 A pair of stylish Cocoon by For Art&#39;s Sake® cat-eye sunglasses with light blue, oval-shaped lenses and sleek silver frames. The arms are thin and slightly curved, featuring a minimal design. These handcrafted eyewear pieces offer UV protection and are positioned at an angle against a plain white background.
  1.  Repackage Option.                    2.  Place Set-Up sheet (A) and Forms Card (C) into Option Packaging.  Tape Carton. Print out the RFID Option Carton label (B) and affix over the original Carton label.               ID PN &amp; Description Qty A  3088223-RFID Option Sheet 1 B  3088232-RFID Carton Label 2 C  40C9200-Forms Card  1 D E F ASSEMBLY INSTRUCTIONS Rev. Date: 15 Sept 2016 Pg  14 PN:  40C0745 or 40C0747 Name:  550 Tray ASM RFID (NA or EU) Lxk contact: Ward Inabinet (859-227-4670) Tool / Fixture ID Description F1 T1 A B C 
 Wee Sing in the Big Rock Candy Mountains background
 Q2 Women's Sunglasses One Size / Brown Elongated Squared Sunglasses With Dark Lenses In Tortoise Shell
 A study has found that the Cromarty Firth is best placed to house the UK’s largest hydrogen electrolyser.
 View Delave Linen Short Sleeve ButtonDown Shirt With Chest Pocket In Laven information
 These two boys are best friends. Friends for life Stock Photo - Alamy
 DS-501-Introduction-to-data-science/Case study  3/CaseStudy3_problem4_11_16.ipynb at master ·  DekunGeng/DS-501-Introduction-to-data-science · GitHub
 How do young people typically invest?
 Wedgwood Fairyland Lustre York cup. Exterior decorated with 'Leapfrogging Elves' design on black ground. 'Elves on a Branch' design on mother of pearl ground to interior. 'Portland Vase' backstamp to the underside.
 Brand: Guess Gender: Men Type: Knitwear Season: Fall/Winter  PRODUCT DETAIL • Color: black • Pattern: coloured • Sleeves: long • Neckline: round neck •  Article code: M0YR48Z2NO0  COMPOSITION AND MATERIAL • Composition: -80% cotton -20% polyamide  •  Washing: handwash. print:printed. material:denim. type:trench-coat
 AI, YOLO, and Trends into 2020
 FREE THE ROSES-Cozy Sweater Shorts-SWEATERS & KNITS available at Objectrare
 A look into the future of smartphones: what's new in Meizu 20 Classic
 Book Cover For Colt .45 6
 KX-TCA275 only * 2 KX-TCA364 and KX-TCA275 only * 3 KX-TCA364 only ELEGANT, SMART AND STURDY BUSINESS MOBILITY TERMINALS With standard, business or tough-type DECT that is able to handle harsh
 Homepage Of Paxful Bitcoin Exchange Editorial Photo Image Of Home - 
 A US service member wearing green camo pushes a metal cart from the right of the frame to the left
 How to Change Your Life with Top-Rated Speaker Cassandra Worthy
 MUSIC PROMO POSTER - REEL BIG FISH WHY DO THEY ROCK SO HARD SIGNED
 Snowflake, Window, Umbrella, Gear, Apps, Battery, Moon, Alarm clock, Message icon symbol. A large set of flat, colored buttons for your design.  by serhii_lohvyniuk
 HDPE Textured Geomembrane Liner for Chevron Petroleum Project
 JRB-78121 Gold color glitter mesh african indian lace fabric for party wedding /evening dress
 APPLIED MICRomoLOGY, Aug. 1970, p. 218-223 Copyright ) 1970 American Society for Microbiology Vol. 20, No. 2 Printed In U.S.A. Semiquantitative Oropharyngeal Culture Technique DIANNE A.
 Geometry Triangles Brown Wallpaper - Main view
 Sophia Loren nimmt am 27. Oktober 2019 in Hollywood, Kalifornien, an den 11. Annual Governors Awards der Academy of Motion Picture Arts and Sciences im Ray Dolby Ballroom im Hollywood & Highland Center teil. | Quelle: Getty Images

§ PROMPT
Copy the whole of the data above exactly.

§ EXPECTED ANSWER
 A pair of stylish Cocoon by For Art&#39;s Sake® cat-eye sunglasses with light blue, oval-shaped lenses and sleek silver frames. The arms are thin and slightly curved, featuring a minimal design. These handcrafted eyewear pieces offer UV protection and are positioned at an angle against a plain white background.
  1.  Repackage Option.                    2.  Place Set-Up sheet (A) and Forms Card (C) into Option Packaging.  Tape Carton. Print out the RFID Option Carton label (B) and affix over the original Carton label.               ID PN &amp; Description Qty A  3088223-RFID Option Sheet 1 B  3088232-RFID Carton Label 2 C  40C9200-Forms Card  1 D E F ASSEMBLY INSTRUCTIONS Rev. Date: 15 Sept 2016 Pg  14 PN:  40C0745 or 40C0747 Name:  550 Tray ASM RFID (NA or EU) Lxk contact: Ward Inabinet (859-227-4670) Tool / Fixture ID Description F1 T1 A B C 
 Wee Sing in the Big Rock Candy Mountains background
 Q2 Women's Sunglasses One Size / Brown Elongated Squared Sunglasses With Dark Lenses In Tortoise Shell
 A study has found that the Cromarty Firth is best placed to house the UK’s largest hydrogen electrolyser.
 View Delave Linen Short Sleeve ButtonDown Shirt With Chest Pocket In Laven information
 These two boys are best friends. Friends for life Stock Photo - Alamy
 DS-501-Introduction-to-data-science/Case study  3/CaseStudy3_problem4_11_16.ipynb at master ·  DekunGeng/DS-501-Introduction-to-data-science · GitHub
 How do young people typically invest?
 Wedgwood Fairyland Lustre York cup. Exterior decorated with 'Leapfrogging Elves' design on black ground. 'Elves on a Branch' design on mother of pearl ground to interior. 'Portland Vase' backstamp to the underside.
 Brand: Guess Gender: Men Type: Knitwear Season: Fall/Winter  PRODUCT DETAIL • Color: black • Pattern: coloured • Sleeves: long • Neckline: round neck •  Article code: M0YR48Z2NO0  COMPOSITION AND MATERIAL • Composition: -80% cotton -20% polyamide  •  Washing: handwash. print:printed. material:denim. type:trench-coat
 AI, YOLO, and Trends into 2020
 FREE THE ROSES-Cozy Sweater Shorts-SWEATERS & KNITS available at Objectrare
 A look into the future of smartphones: what's new in Meizu 20 Classic
 Book Cover For Colt .45 6
 KX-TCA275 only * 2 KX-TCA364 and KX-TCA275 only * 3 KX-TCA364 only ELEGANT, SMART AND STURDY BUSINESS MOBILITY TERMINALS With standard, business or tough-type DECT that is able to handle harsh
 Homepage Of Paxful Bitcoin Exchange Editorial Photo Image Of Home - 
 A US service member wearing green camo pushes a metal cart from the right of the frame to the left
 How to Change Your Life with Top-Rated Speaker Cassandra Worthy
 MUSIC PROMO POSTER - REEL BIG FISH WHY DO THEY ROCK SO HARD SIGNED
 Snowflake, Window, Umbrella, Gear, Apps, Battery, Moon, Alarm clock, Message icon symbol. A large set of flat, colored buttons for your design.  by serhii_lohvyniuk
 HDPE Textured Geomembrane Liner for Chevron Petroleum Project
 JRB-78121 Gold color glitter mesh african indian lace fabric for party wedding /evening dress
 APPLIED MICRomoLOGY, Aug. 1970, p. 218-223 Copyright ) 1970 American Society for Microbiology Vol. 20, No. 2 Printed In U.S.A. Semiquantitative Oropharyngeal Culture Technique DIANNE A.
 Geometry Triangles Brown Wallpaper - Main view
 Sophia Loren nimmt am 27. Oktober 2019 in Hollywood, Kalifornien, an den 11. Annual Governors Awards der Academy of Motion Picture Arts and Sciences im Ray Dolby Ballroom im Hollywood & Highland Center teil. | Quelle: Getty Images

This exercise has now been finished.